**TASK OBJECTIVE:** Every line of the material needs an exact copy, apart from the images.

**EXERCISE DATA:**

[Start of Attachment]

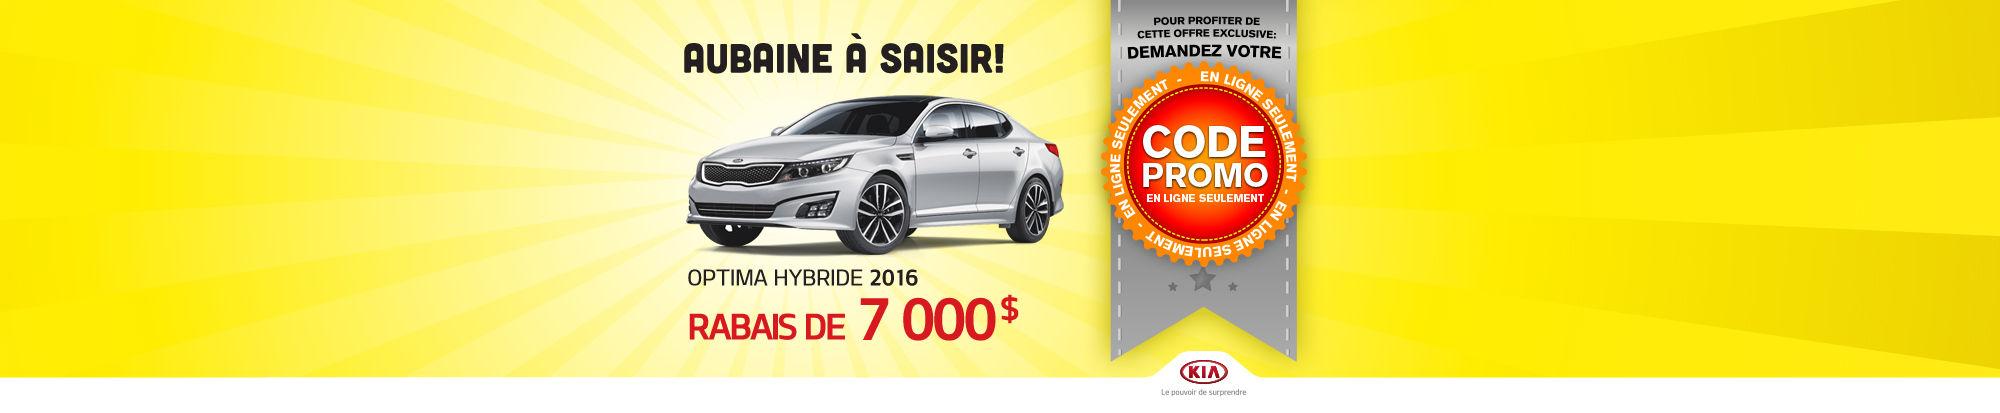 Code promo - Kia Optima Hybride 2015
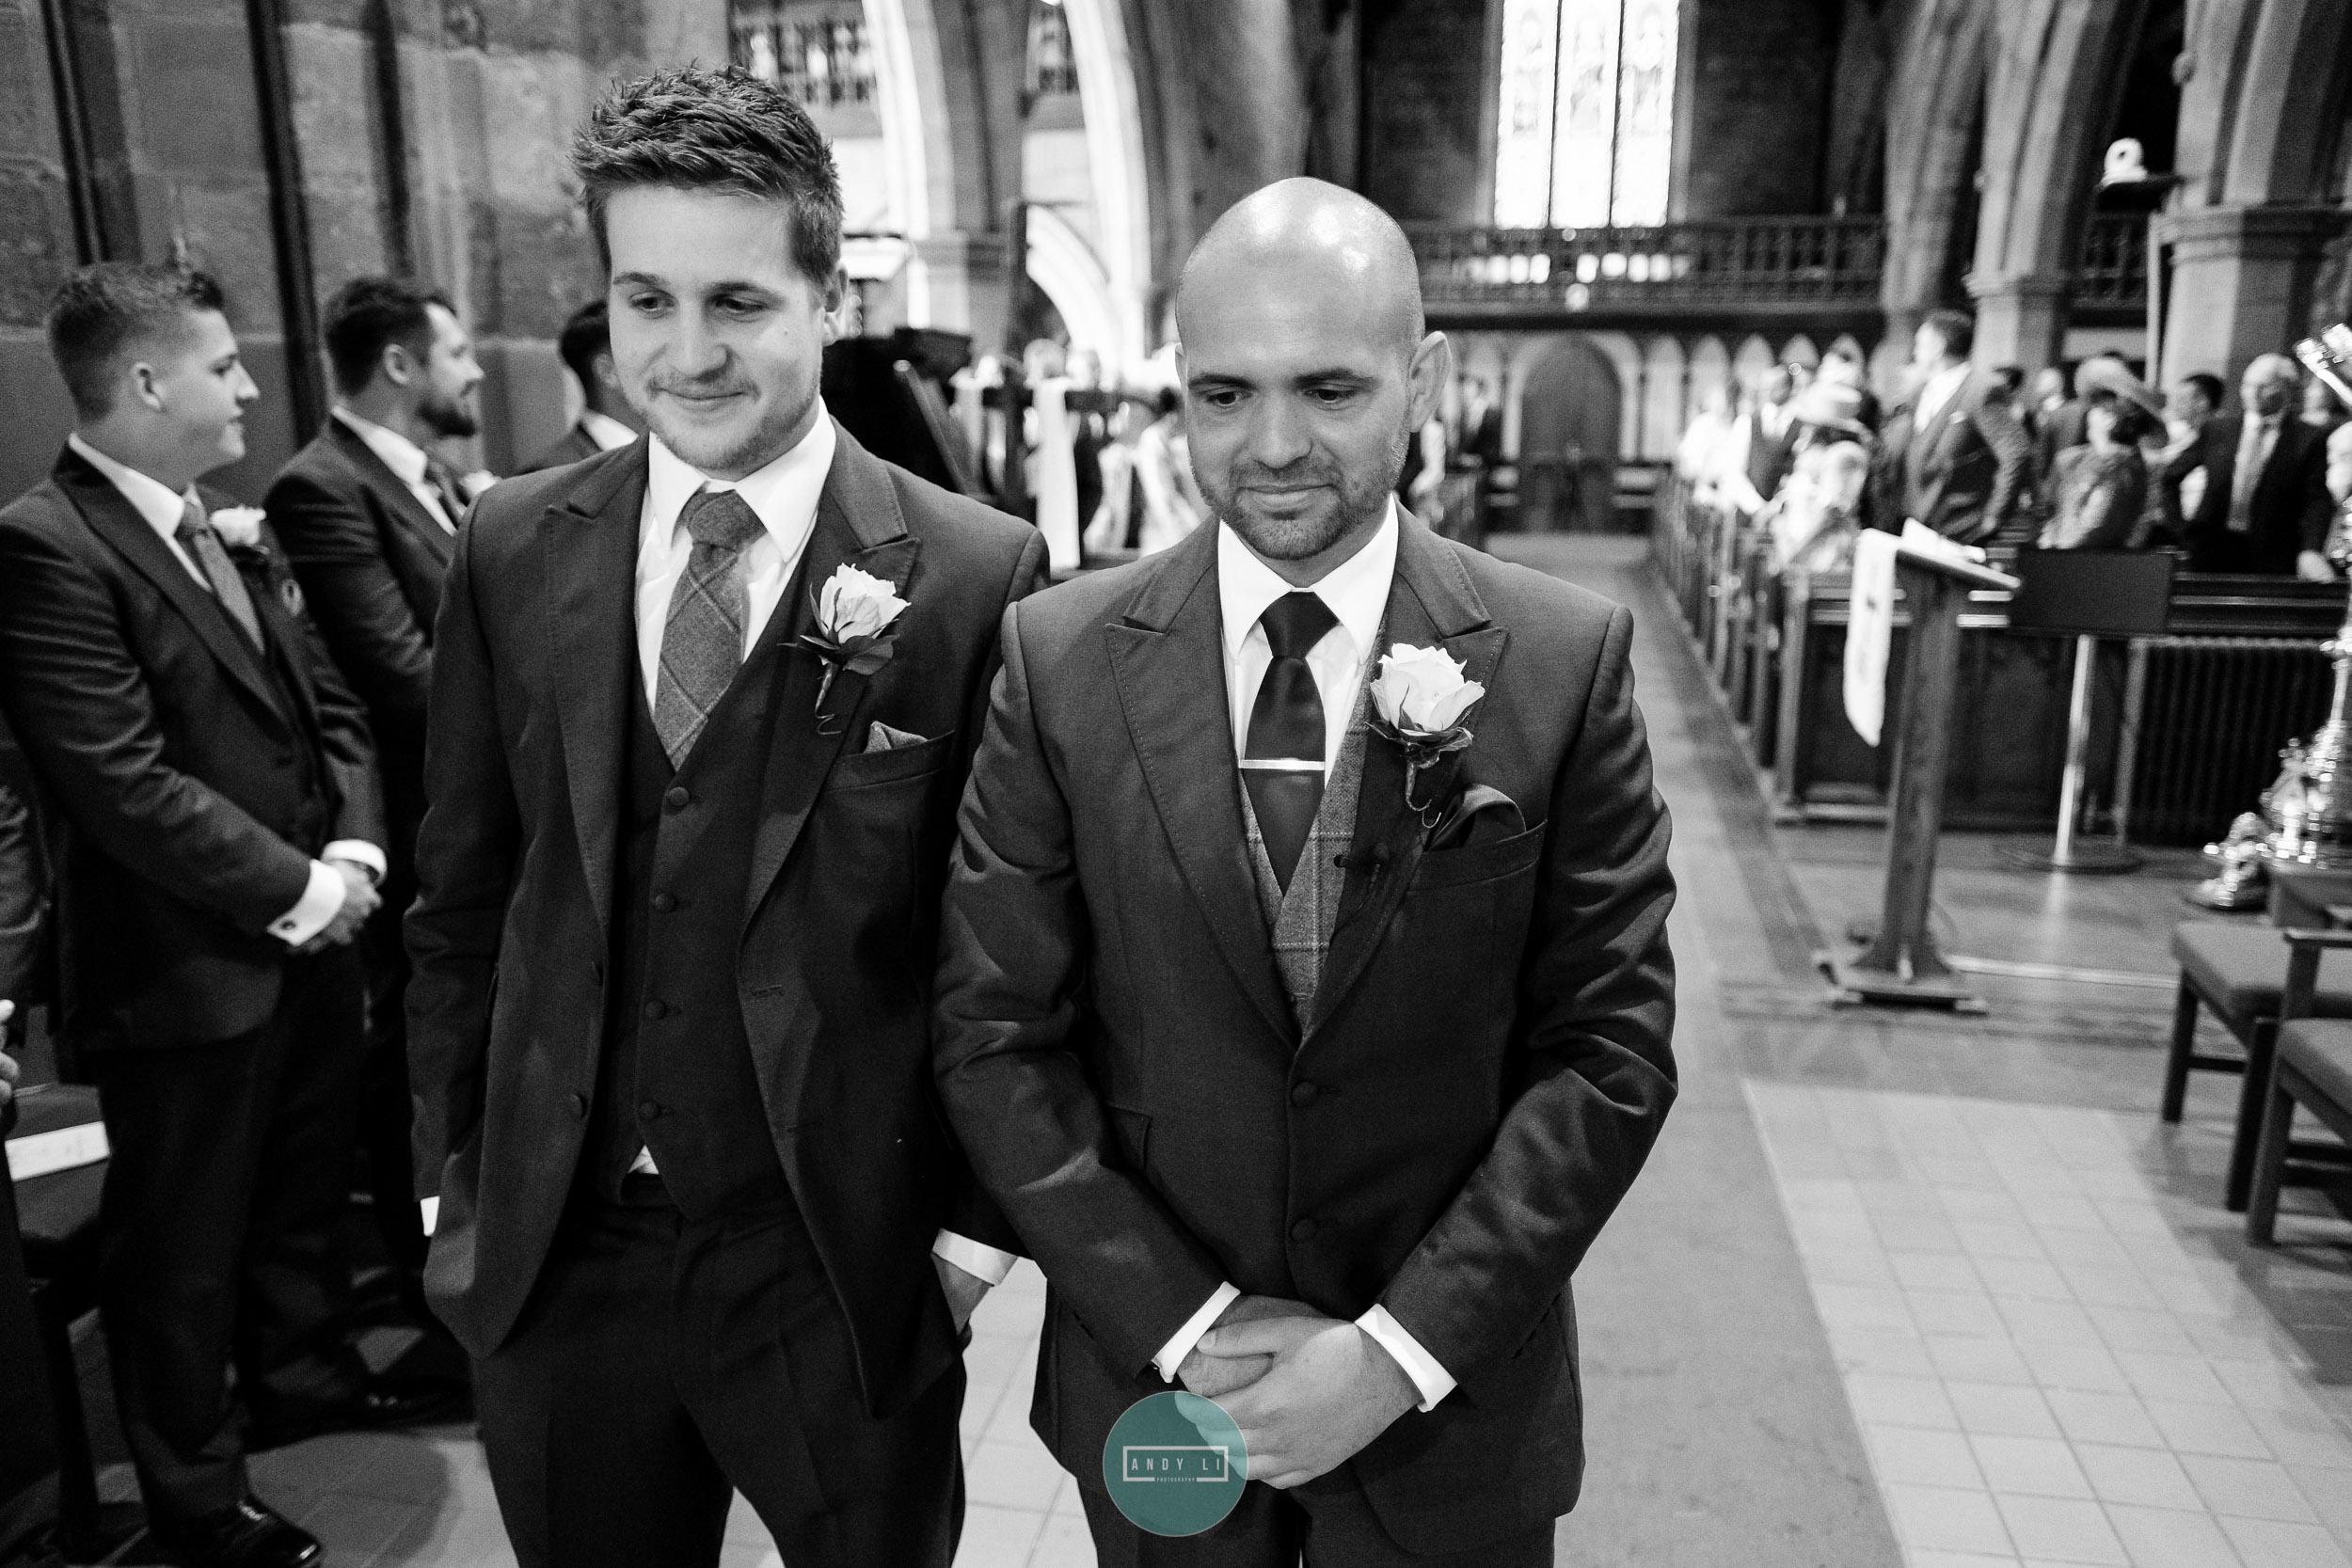 Lilleshall Hall Wedding Photographer-019-XPRO0585.jpg
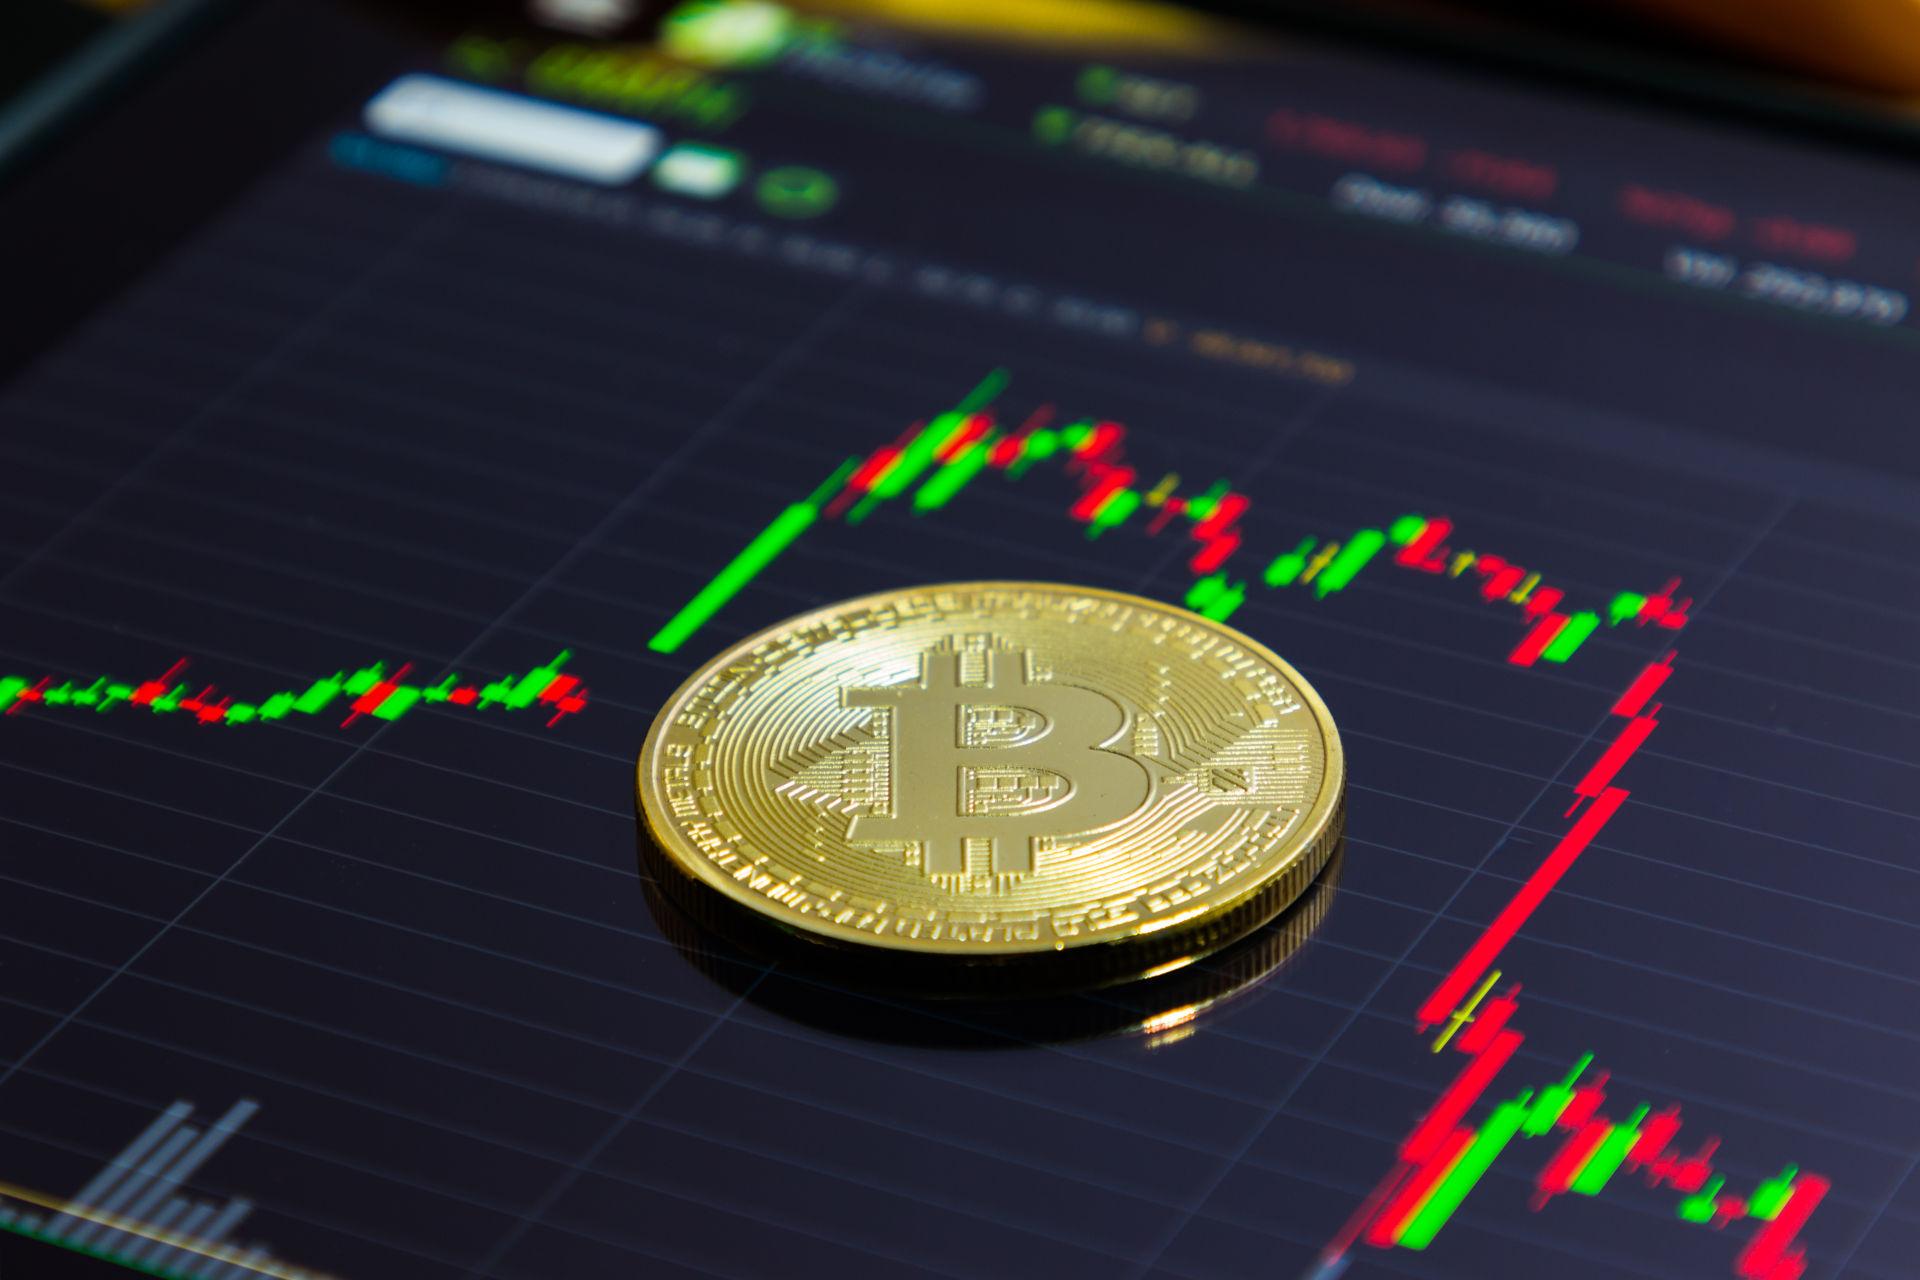 kurs bitcoina idzie na rekord dzięki tesli i tweetowi elona muska

[End of Attachment]

**OUTPUT BELOW:**
 Code promo - Kia Optima Hybride 2015
 Lilleshall Hall Wedding Photographer-019-XPRO0585.jpg
 kurs bitcoina idzie na rekord dzięki tesli i tweetowi elona muska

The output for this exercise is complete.